— Очень простым — освободить их от работы…
Полипов насмешливо оглядел Алейникова.
— Удивляюсь тебе, — сказал он негромко, но со смыслом, который прозвучал не в словах, а в голосе, насмешливом и одновременно угрожающем. — От руководящей работы я их освободить могу. Но они и в другом месте, на любой другой работе, так же будут злопыхать, так же будут обливать грязью наши дела и нашу действительность. Тут хоть они на виду, а там… Не понимаешь, что ли? Нет уж, пусть голубчики до конца на виду раскрываются… Может, и на тебя тогда пахнет от них зловонным душком, — добавил он опять с той же многозначительностью.

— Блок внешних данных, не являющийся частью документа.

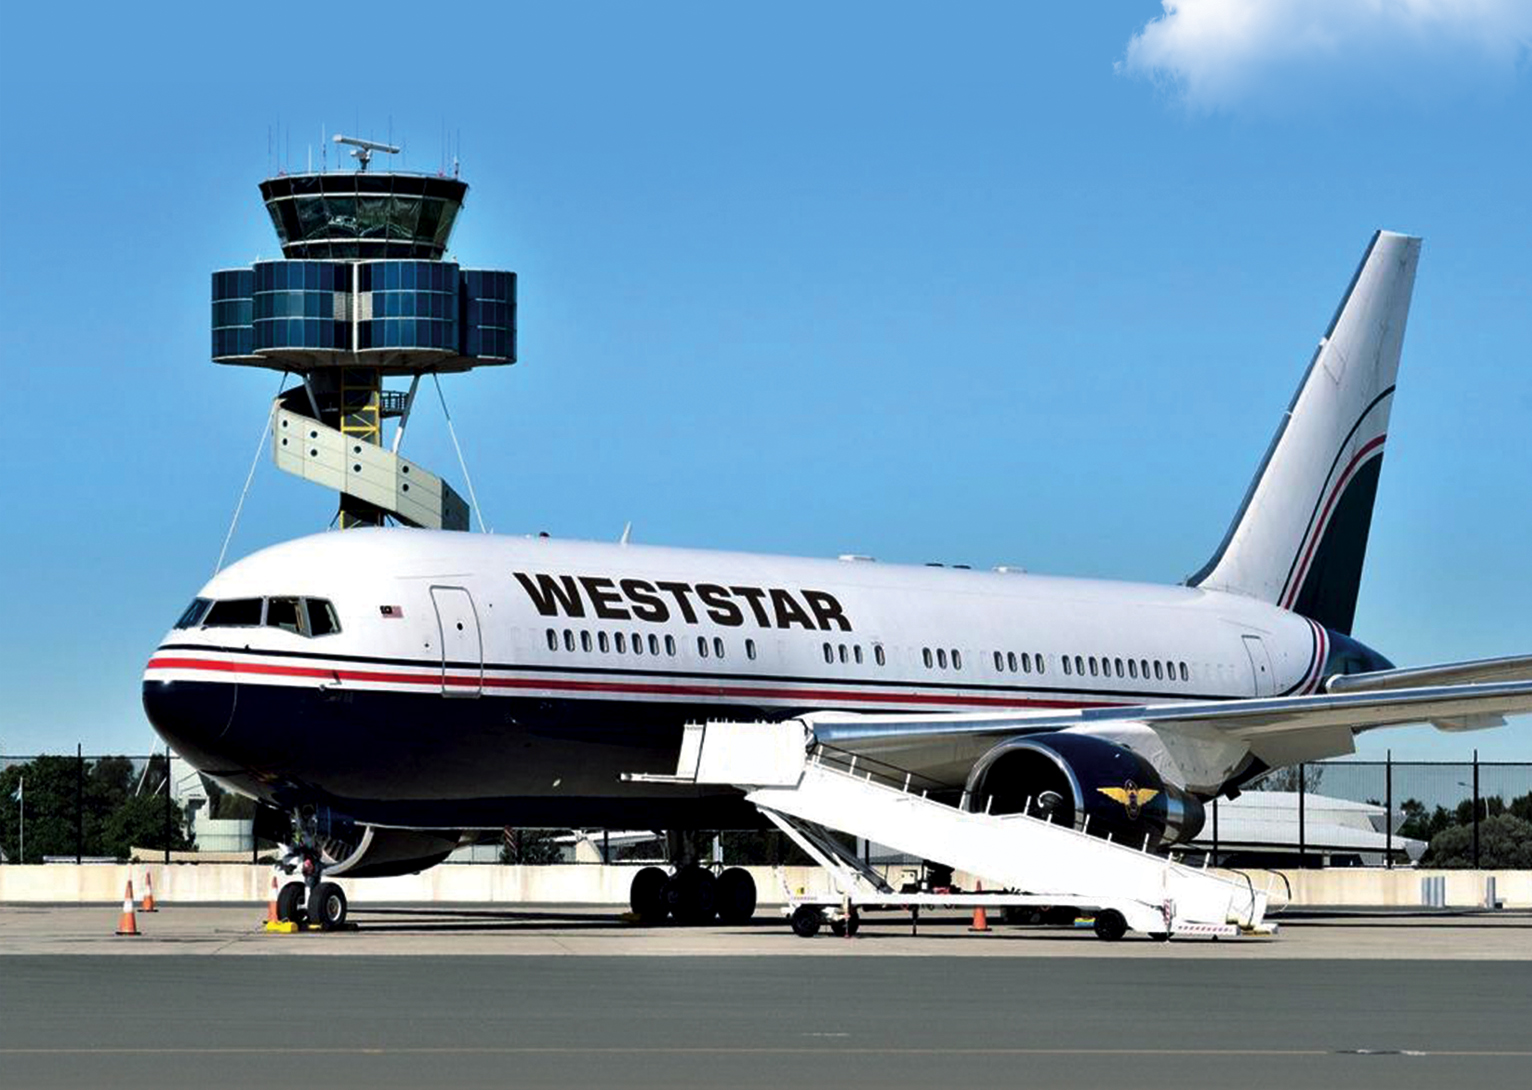 Weststar General Aviation

Несмотря на эту многозначительность, Алейников никаких мер в отношении Засухина и Кошкина не предпринимал. Полипов тоже о них будто забыл наконец. Но однажды, через неделю или полторы после областной партконференции, из области приехал непосредственный начальник Алейникова, провёл совещание с оперативными работниками отдела, а потом, оставшись наедине с Алейниковым, спросил:
— Что это за деятели у вас тут Засухин и Кошкин? На областной партконференции ваш секретарь райкома такие факты приводил об их деятельности, что мы за головы схватились. Это же умышленная дискредитация налоговой и кооперативной политики партии. Вы что же ушами хлопаете?
— Это хорошие и преданные партии люди, — попробовал возразить Алейников. — Я с ними партизанил…
— Ах, вот как? Старая дружба, значит? Судя по тем фактам, о которых говорил Полипов, они были… или делали вид, что преданные. В общем — разберитесь и примите меры.
Это был приказ, который следовало выполнять…
Арестовав Кошкина и Засухина, Алейников, придя домой, не раздеваясь бросился в постель, пролежал до рассвета, глядя в потолок. В ушах стоял вой, плач и стон, будто он, Алейников, всё ещё находился в доме Кошкина, слышался пронзительный крик пятилетнего мальчонки: «Тя-атька-а!» Он всё это слышал, видел и с леденящей сердце ясностью думал, что ещё раз он такого не выдержит и, чтобы прекратить этот вой и плач, выхватит из жёсткой кобуры наган, ткнёт холодным дулом себе в висок и выстрелит…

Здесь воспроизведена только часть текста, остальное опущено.